• **ENTRIES PROVIDED**
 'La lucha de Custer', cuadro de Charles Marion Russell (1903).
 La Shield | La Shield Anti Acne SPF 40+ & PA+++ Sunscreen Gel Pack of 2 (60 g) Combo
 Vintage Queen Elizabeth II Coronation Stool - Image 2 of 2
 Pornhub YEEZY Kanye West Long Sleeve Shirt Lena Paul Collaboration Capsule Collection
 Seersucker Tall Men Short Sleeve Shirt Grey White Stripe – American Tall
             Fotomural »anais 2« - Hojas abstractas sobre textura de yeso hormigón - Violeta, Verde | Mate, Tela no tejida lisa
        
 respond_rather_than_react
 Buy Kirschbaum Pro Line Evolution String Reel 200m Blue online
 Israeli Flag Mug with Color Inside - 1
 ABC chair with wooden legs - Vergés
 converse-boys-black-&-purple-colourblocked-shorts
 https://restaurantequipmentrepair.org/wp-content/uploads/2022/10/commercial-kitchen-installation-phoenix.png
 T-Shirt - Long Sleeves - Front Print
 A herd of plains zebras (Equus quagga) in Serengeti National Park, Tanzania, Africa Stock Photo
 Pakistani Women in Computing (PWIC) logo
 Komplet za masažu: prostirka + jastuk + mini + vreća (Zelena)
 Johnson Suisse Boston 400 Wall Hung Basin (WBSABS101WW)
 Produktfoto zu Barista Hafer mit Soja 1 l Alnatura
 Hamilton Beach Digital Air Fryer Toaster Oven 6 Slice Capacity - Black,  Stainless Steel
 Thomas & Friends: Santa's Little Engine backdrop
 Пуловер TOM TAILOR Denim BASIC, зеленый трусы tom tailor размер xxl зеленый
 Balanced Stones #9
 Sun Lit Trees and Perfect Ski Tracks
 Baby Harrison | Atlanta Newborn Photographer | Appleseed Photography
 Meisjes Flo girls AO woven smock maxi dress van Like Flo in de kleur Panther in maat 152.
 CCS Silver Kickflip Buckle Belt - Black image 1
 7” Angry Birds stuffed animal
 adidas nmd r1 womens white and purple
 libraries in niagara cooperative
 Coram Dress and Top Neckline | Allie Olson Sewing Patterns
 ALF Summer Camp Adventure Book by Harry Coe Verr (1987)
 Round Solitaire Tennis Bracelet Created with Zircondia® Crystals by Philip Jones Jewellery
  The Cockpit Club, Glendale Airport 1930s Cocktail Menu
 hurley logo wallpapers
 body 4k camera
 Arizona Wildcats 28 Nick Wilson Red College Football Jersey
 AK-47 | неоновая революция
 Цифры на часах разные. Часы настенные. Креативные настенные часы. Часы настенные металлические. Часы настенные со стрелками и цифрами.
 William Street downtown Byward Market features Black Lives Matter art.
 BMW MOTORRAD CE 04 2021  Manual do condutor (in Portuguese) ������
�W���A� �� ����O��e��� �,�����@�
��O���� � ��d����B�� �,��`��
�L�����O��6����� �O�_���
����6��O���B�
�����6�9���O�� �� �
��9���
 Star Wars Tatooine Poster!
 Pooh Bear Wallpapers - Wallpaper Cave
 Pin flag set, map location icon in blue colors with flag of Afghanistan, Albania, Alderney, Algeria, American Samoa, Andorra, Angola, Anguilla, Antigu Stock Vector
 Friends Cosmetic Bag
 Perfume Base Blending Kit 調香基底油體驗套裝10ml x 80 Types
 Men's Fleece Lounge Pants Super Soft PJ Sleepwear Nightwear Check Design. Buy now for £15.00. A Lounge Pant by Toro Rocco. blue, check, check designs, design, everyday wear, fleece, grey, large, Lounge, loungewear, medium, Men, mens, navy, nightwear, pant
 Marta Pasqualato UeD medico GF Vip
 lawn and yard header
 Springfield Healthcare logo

• **INSTRUCTIONS FOR THE TASK**
Only the number is wanted here. How many lines in the entries contain "American"?

• **ANSWER AREA**
2